И пока шла эта перекличка, а самые деловитые мужчины из похоронного содружества вдали от стоящего на табуретках гроба копали яму, сменяя друг друга, а остальные толпились вокруг, в тесноте могильных оград, разговаривали и следили за ходом работы, к воротам кладбищенским подъехала жёлтая «Нива». Вышел из неё ещё не старый человек, прошёл в приоткрытую калитку и оказался перед гробом, покоящимся на двух табуретках. И услышал последки того разговора.
— Ну, вот и пришла к нам святая.
— Дядя Алдаким! Дмитрий Прокопыч! Иван Стяпаныч! Да какая же я вам святая? Такая же, как все, грешница. Ничяво хорошего людям не сделала, ничяво и плохого, а мы люди нетральные.
— Святая! Потому что тебя все любили. Такие люди — они и есть святые, а ты с нами не спорь, — загудела нестройными голосами кладбищенская земля.
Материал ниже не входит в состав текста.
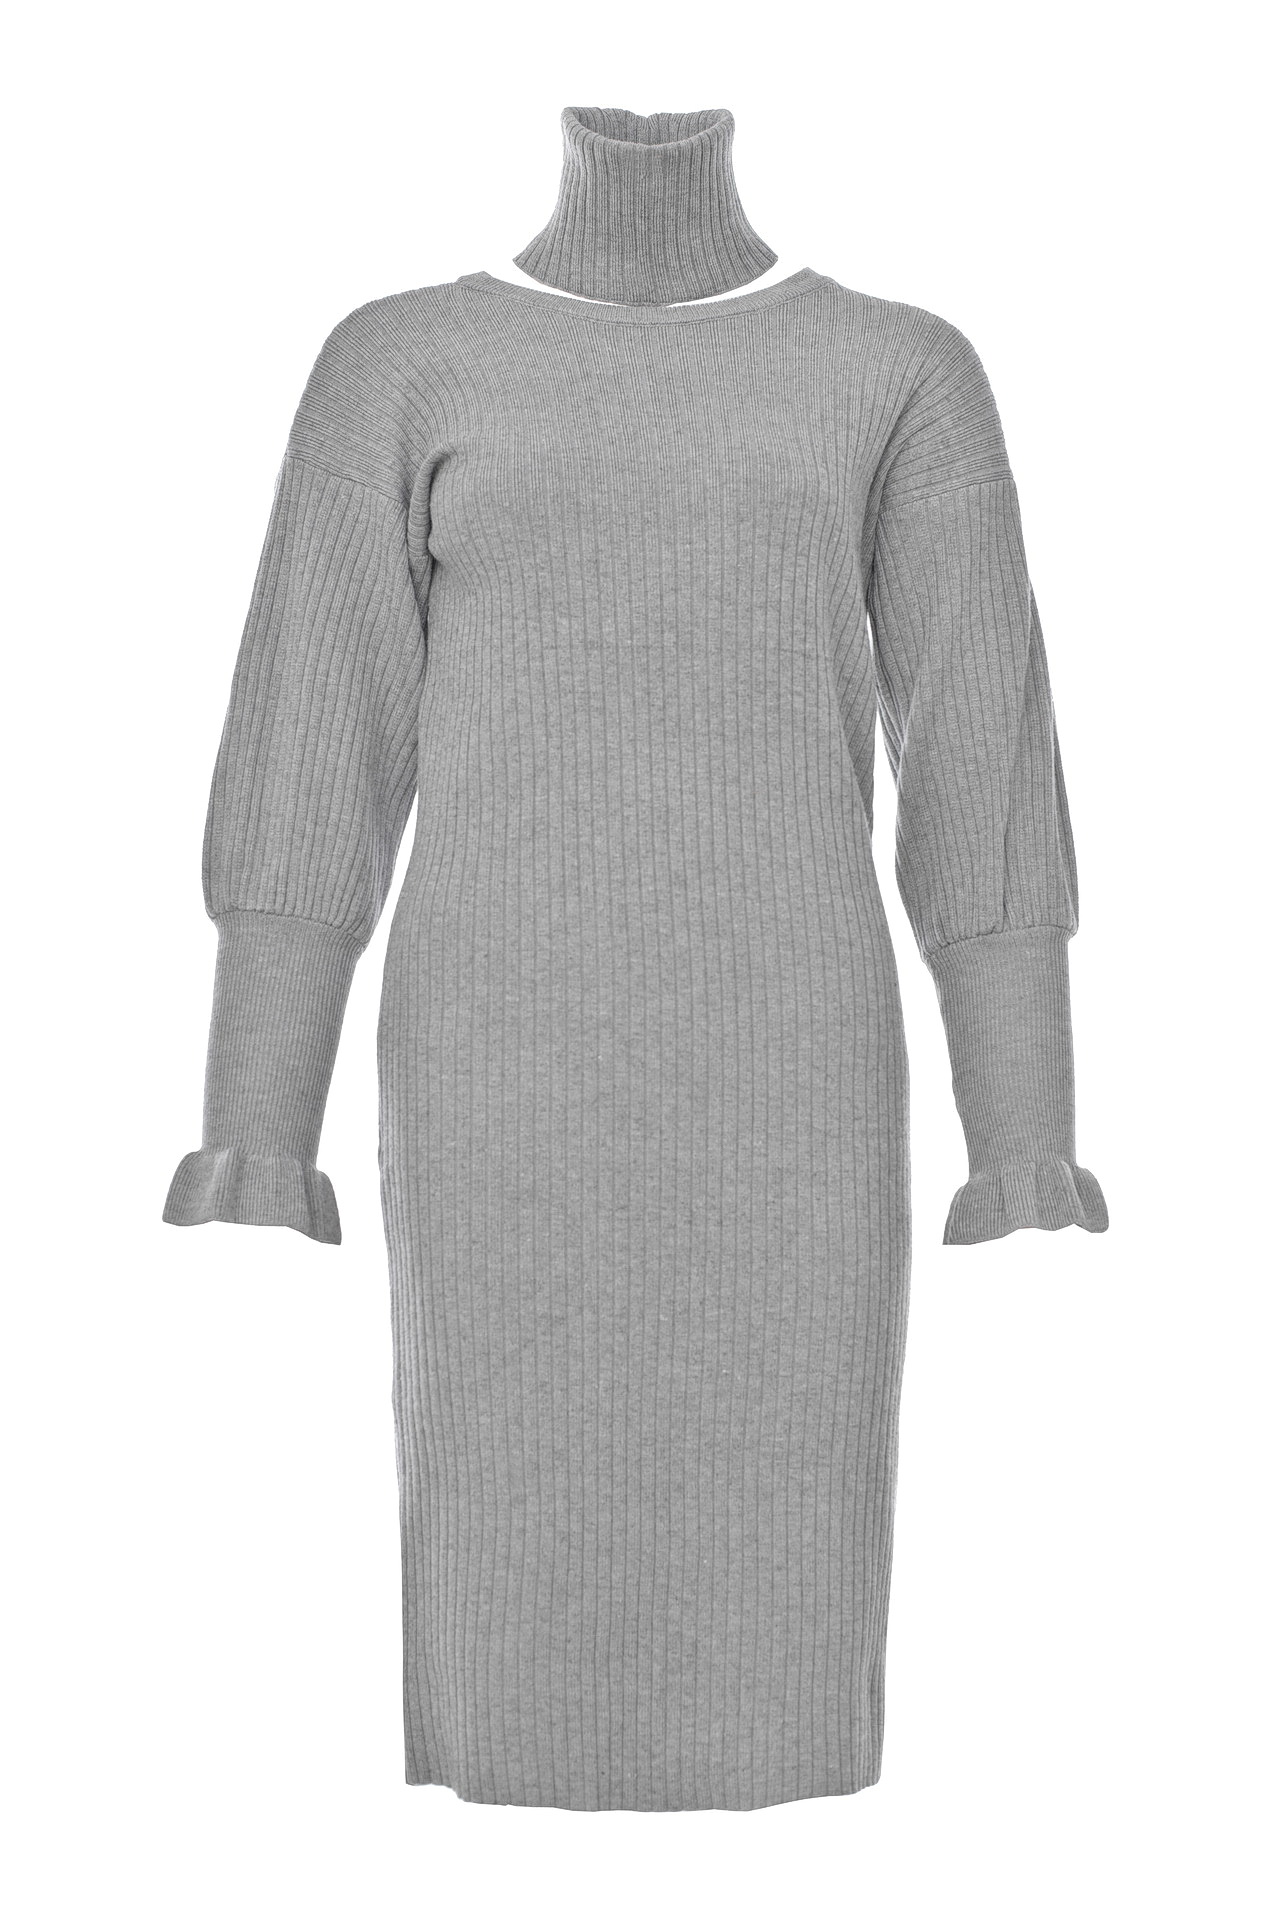 Одежда женская Платье LETICIA MILANO (20181022/18.1). Купить за 6900 руб.
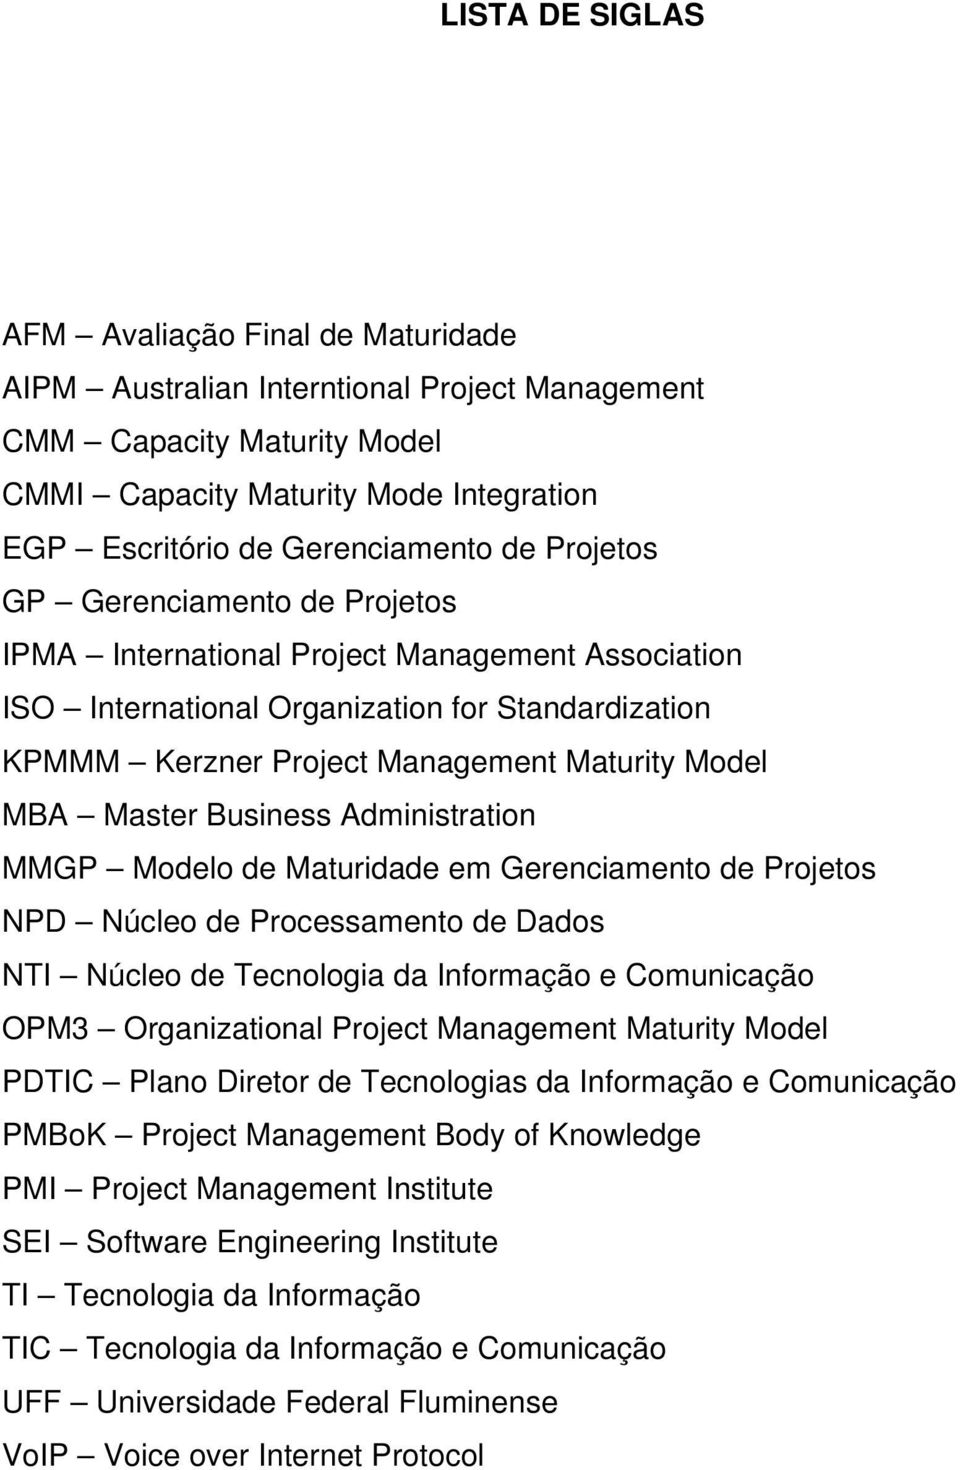 Model MBA Master Business Administration MMGP Modelo de Maturidade em Gerenciamento de Projetos NPD Núcleo de Processamento de Dados NTI Núcleo de Tecnologia da Informação e Comunicação OPM3

В одиноком покойнике, возлежащем в гробу с восковым лицом, с поджатыми губами, он не узнал той женщины, которая когда-то уснула, сидя на меже, увидела его во сне и почему-то приняла его за Спасителя. (Впоследствии выяснилось, что в тот день и час, когда она видела этот сон, Глеб Тураев родился в сельской больнице, куда направлялась больная Марина.) А спустя лет тридцать, при случайной встрече старой Марины и Глеба в лесу, она рассказала ему об этом сне, и он поразился удивительному совпадению…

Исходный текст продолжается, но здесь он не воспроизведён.